INFORMATION.
····················

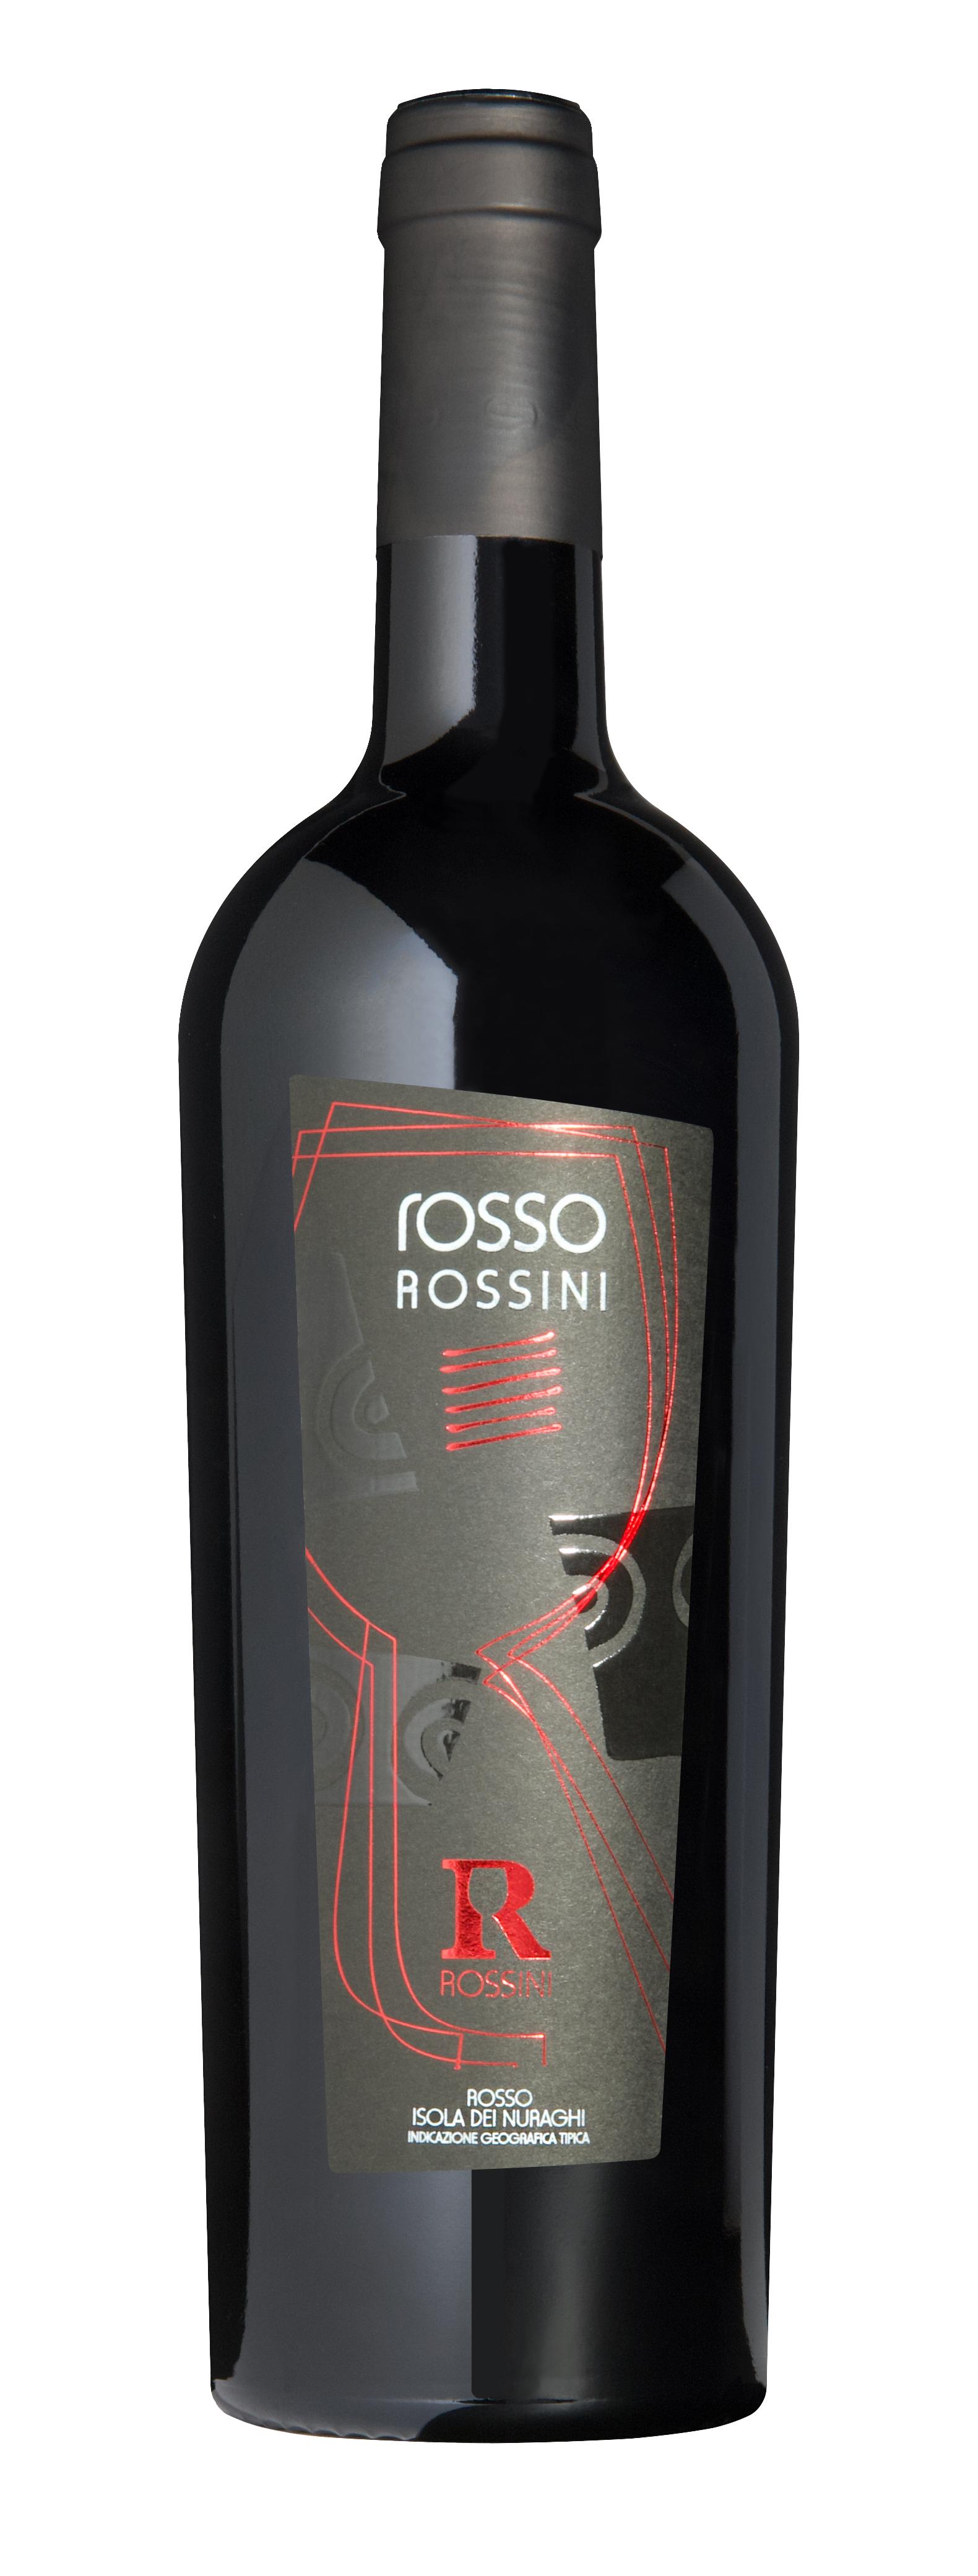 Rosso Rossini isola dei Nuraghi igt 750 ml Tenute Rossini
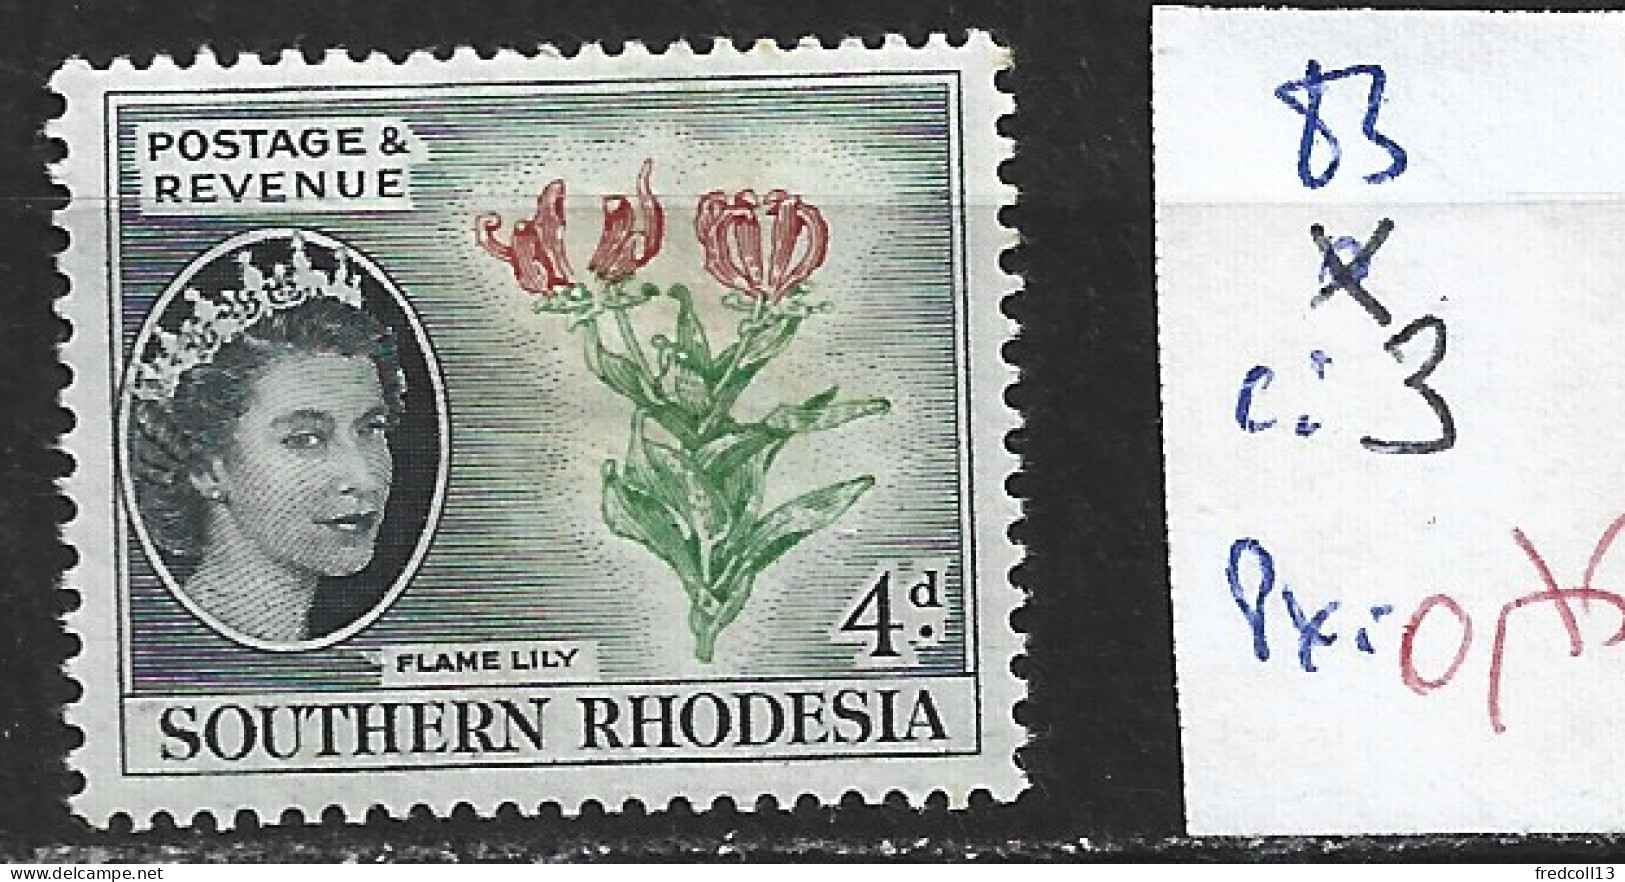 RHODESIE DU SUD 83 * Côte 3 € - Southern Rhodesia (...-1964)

····················

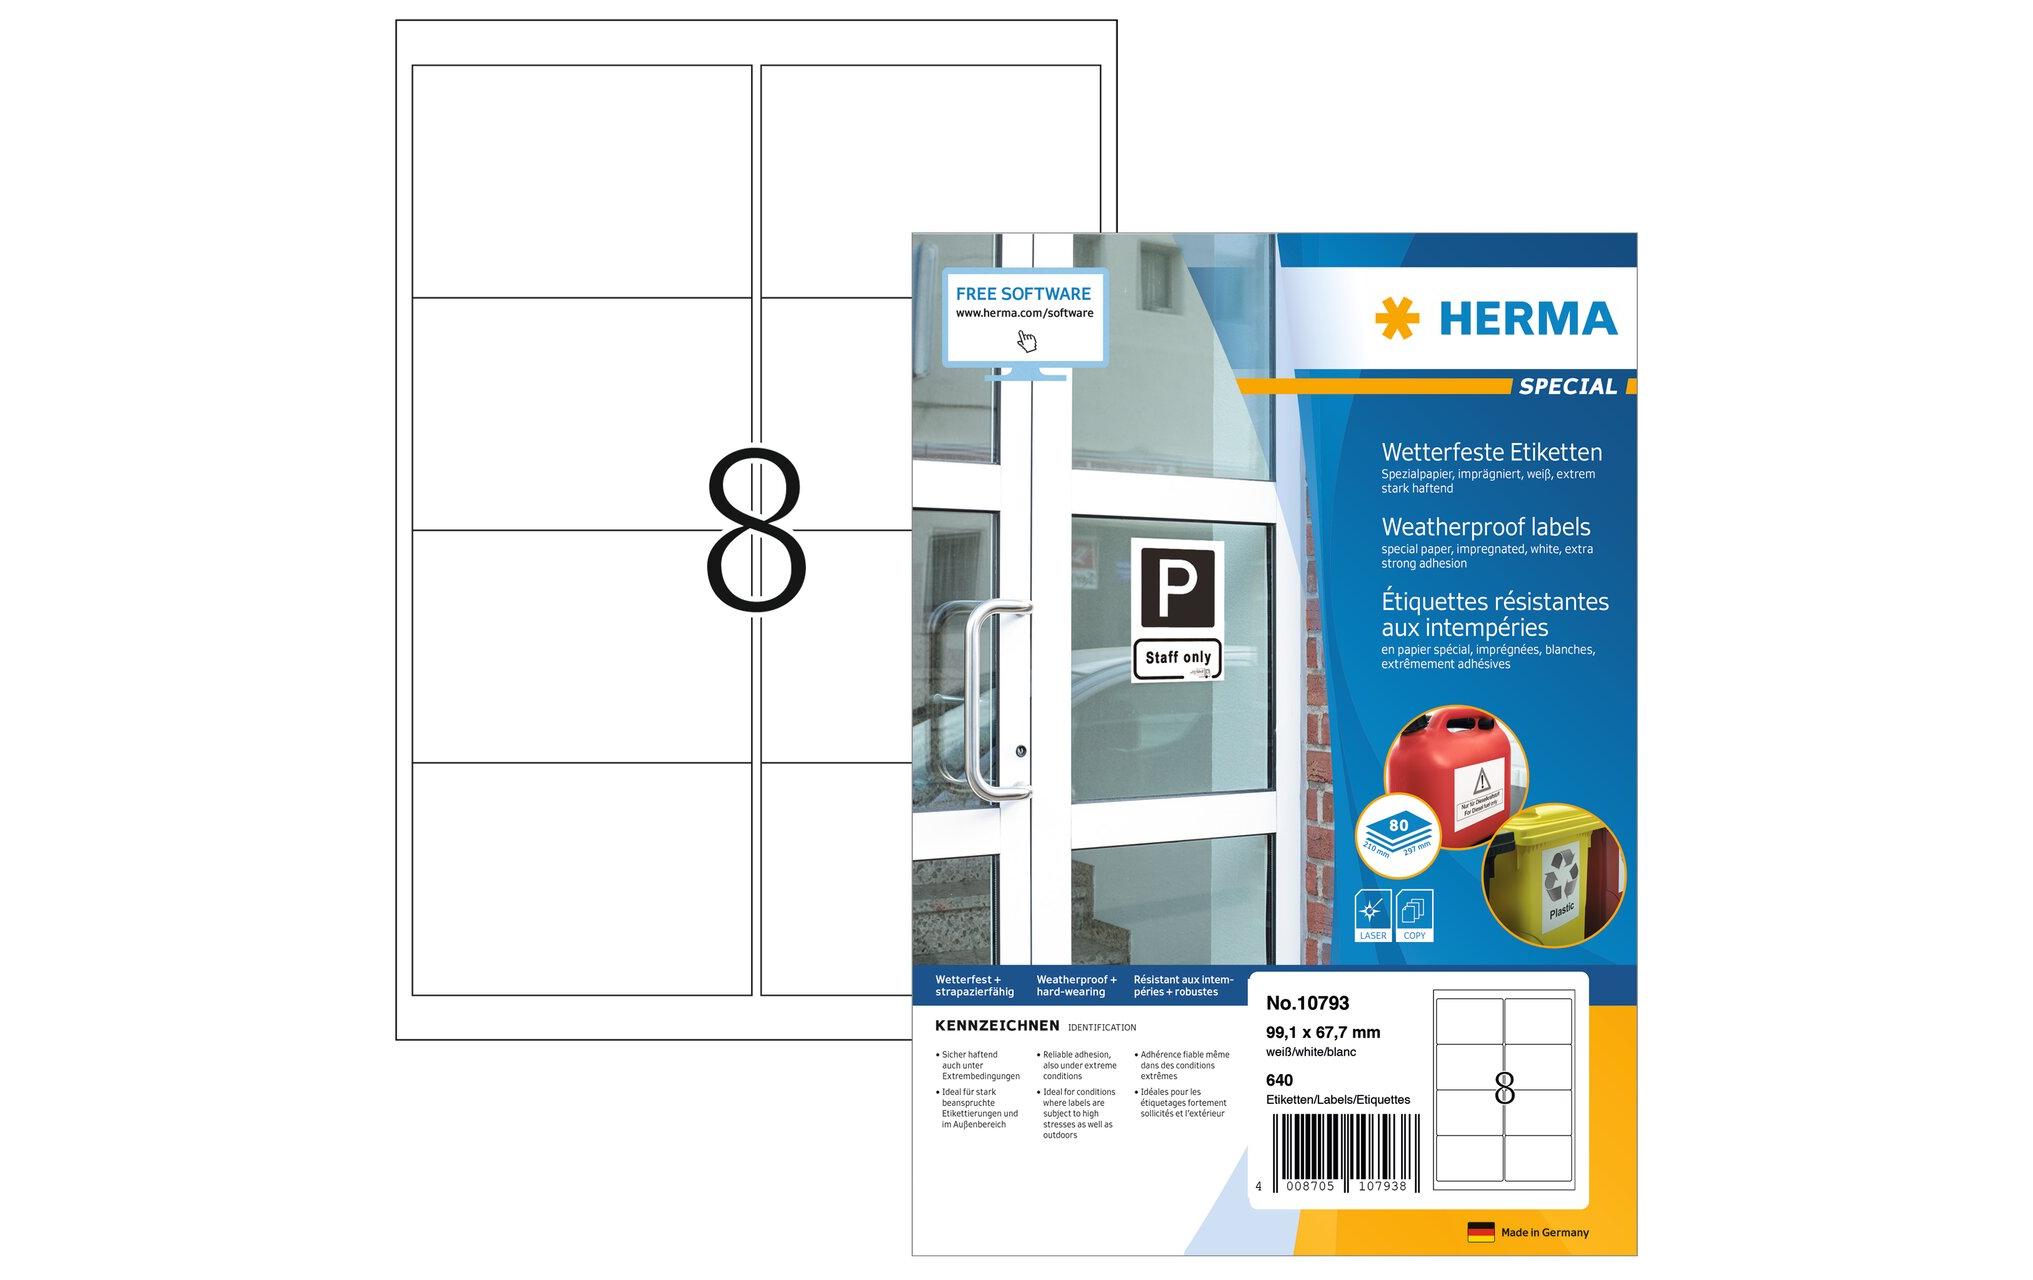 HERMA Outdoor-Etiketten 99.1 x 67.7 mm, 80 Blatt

····················

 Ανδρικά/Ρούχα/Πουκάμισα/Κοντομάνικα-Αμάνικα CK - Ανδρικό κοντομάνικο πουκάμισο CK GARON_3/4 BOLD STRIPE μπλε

····················

WORK ITEM.
Return the lines above from the one with "Rosso Rossini isola" through the one with "RHODESIE DU SUD", verbatim and nothing else. Omit every picture.

ANSWER FOR THE TASK.
 Rosso Rossini isola dei Nuraghi igt 750 ml Tenute Rossini
 RHODESIE DU SUD 83 * Côte 3 € - Southern Rhodesia (...-1964)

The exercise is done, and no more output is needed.